Aside from the Proprietor, Sondheim's key narrative thread comes from Jamie Patker's guitar-strumming Balladeer. Amidst moments of brilliant irony, Parker achieves a subtle blend of satire and tragedy as he weaves his way through the show's haphazard chronology, his final transformation, from everyman to Lee Harvey Oswald, is one of Sondheim's most chilling creative concepts.

The power of this show lies in its construction as an ensemble piece and Jamie Lloyd has assembled a world class company to portray this clutch of infamous inadequates. Catherine Tate cleverly underplays her comic genius as Sarah Jane Moore who was to have a pop at Gerald Ford, whilst in a separate bid to kill Ford, Carly Bawden's Lynette 'Squeaky' Fromme offers up another carefully crafted slice of ditzy 1970's Americana.

Rising star Stewart Clarke electrifies (literally) as F.D.Roosevelt's would be killer Giuseppe Zangara. Clarke's last Latino turn was as Pirelli in NYMT's Sweeney Todd and this young actor's Italian job has to be seen to be believed. Andy Nyman offers a perfectly nuanced nebbish as immigrant Charles Guiteau who shot Garfield in 1881. Nyman's disturbingly hilarious reprise of The Ballad of Guiteau, complete with jazz hands as his character's corpse swings from the gallows (great stagecraft from Freedom Flying) must rank as one of the most ghoulish moments in the canon.

Canadian Mike McShane is perfectly placed as the oft forgotten Samuel Byck, a middle-aged unemployed salesman who plotted to fly a 747 into Nixon's White House. Lumbering on stage in a Santa suit and in a role that credits him with no sung solos but rather rambling monologues, McShane leads the company in Assassins' most portrayal number, Another National Anthem. (And if McShane is one day cast as Willy Loman, remember that you read it here first)

Lipkin is an assured force throughout - and as each President is in turn shot at, he dons a paper target on head, back or torso, inviting gunmen to take aim. His is a performance (that also includes his acclaimed puppetry skills), that like the show itself, is as exciting as it is thought provoking. With no interval, Assassins proves to be a relentless roller-coaster ride. The most famous assassination of them all, that of John F. Kennedy in Dallas, sees the Menier's stage flooded in crimson petals, mimicking the famously televised bloody horror that the world witnessed in November 1963. 
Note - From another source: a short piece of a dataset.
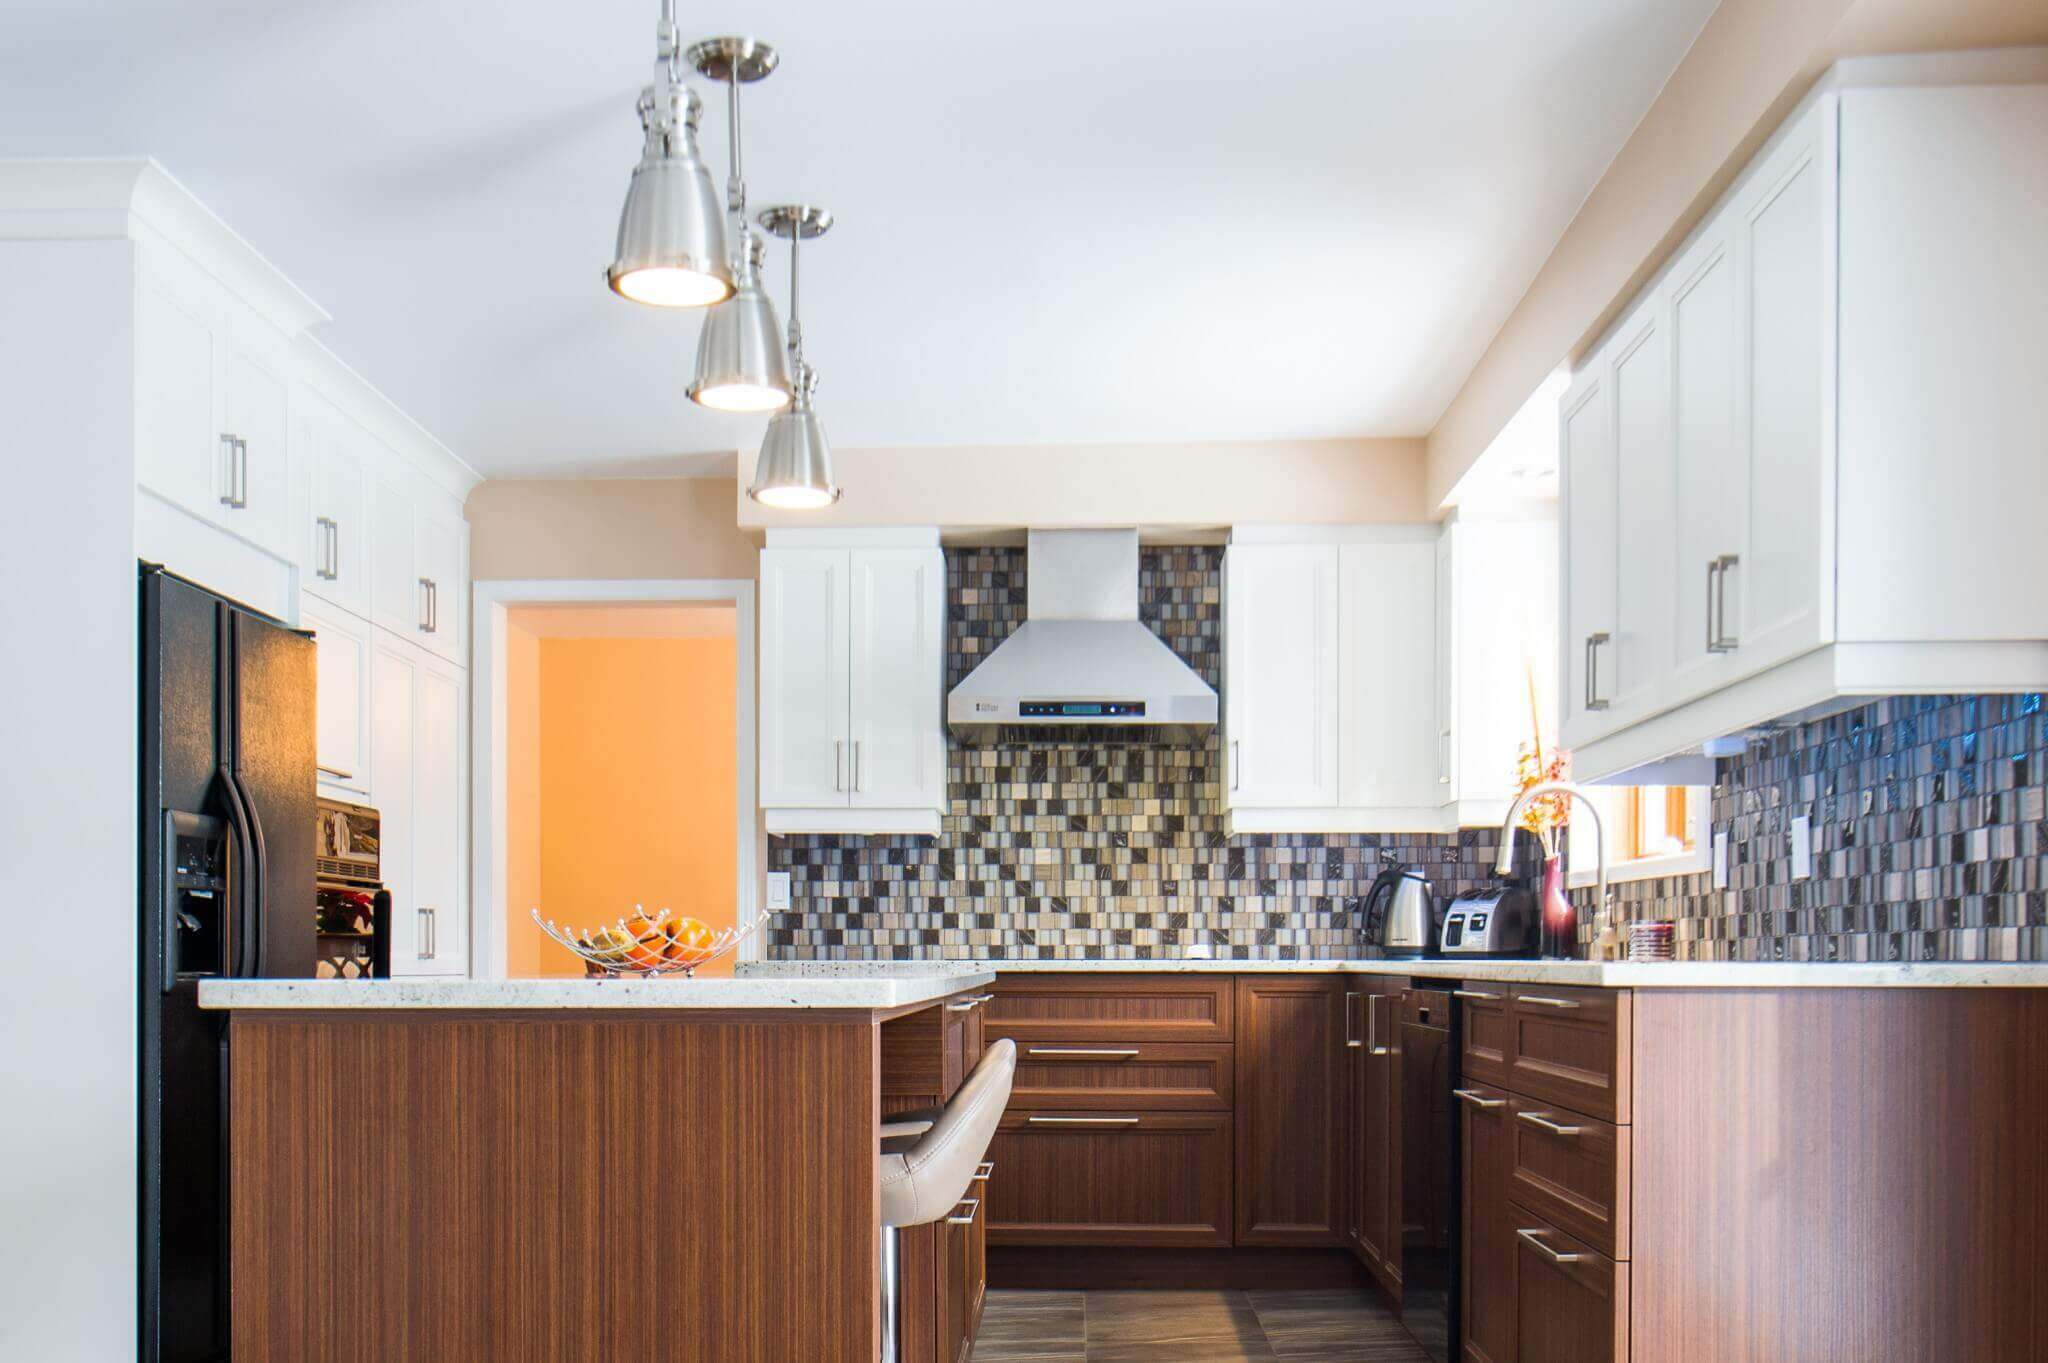 Cuisine moderne avec comptoirs et armoires brunes

As one of London's visionary directors and a creative force who consistently brings a perceptive flair, often sprinkled with just a hint of carnage, there was an inevitability that Jamie Lloyd would want to tackle this troubling show. His execution is flawless, ably supported by musical director Alan Williams' interpretation of Sondheim's complex melodies.

Sold out until March, this show is a work of genius that deserves a wider audience. A West End transfer may yet be a possibility, but nothing will match the cockpit-like intensity achieved in this versatile venue. The finale's ensemble of the assassins, guns aimed at the audience and all singing Everybody's Got The Right will, to quote Sondheim, stay with me for a long time.